---------- Records provided
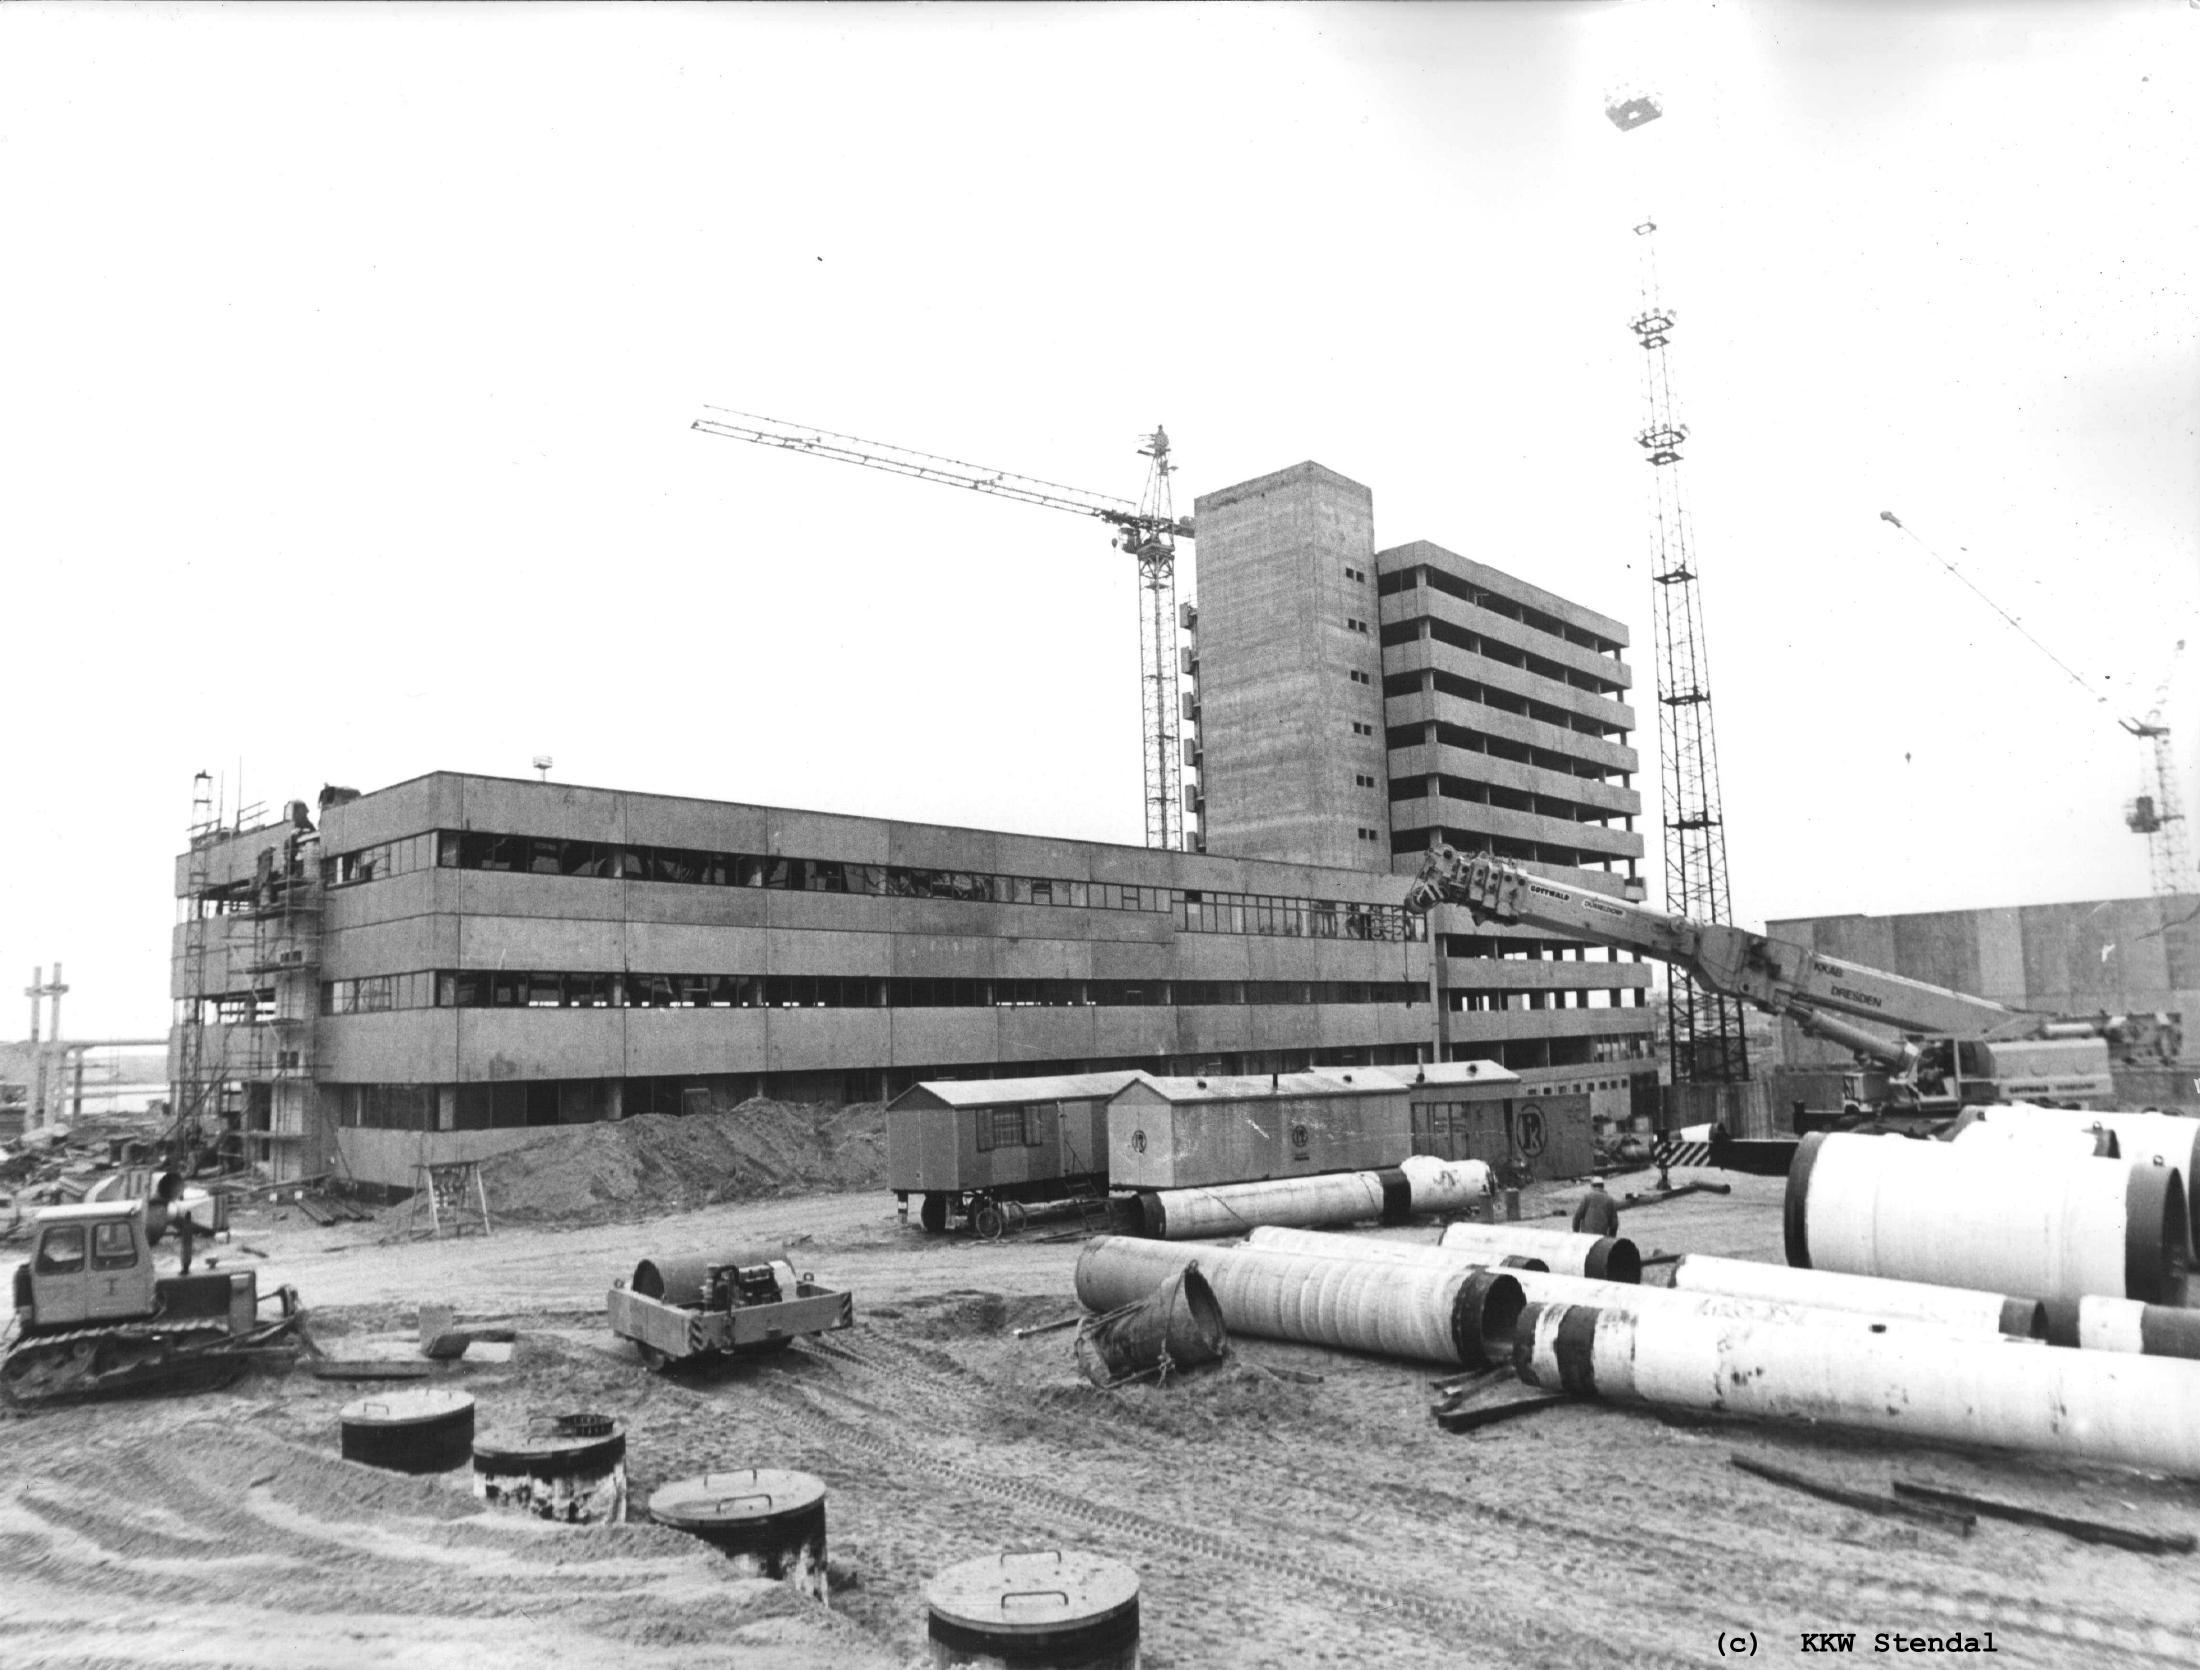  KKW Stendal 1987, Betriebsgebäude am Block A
--------------------
---------- Records provided
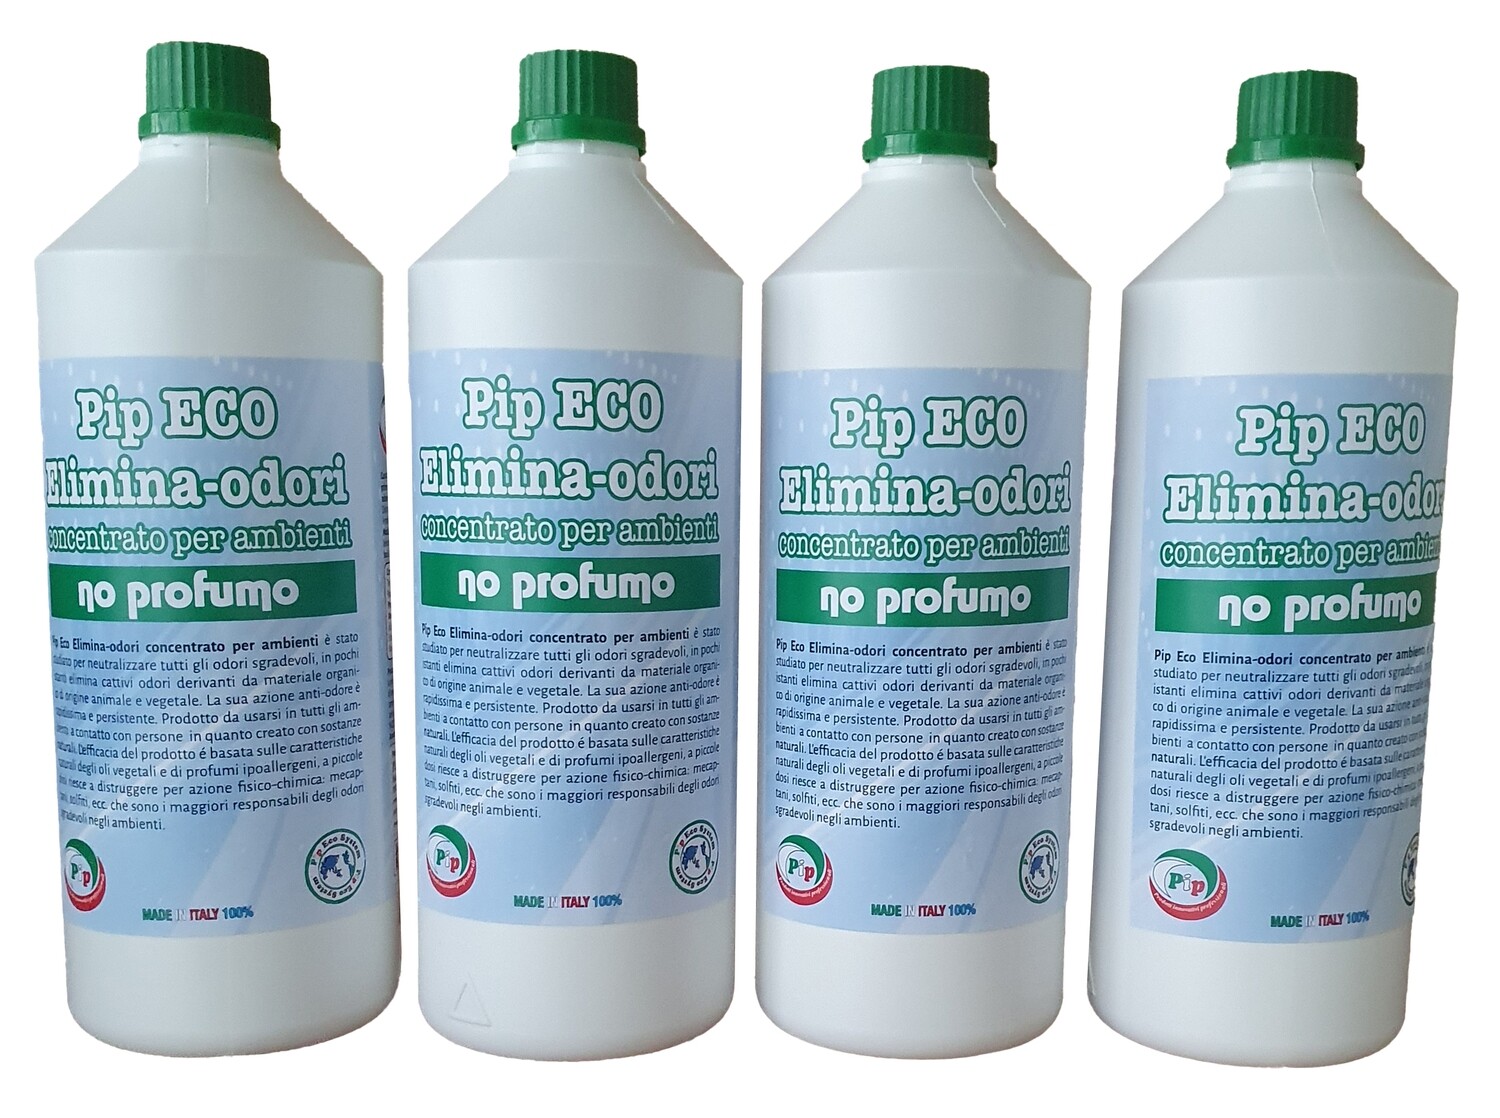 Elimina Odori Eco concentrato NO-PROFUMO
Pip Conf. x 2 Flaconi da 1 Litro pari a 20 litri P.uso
--------------------
▶ [Work instructions]: In the entries above, find the line containing "Elimina Odori Eco concentrato NO-PROFUMO" and the line containing "Pip Conf. x", then copy both and every line between them exactly, without any picture.

▶ [Task response]:
 Elimina Odori Eco concentrato NO-PROFUMO
Pip Conf. x 2 Flaconi da 1 Litro pari a 20 litri P.uso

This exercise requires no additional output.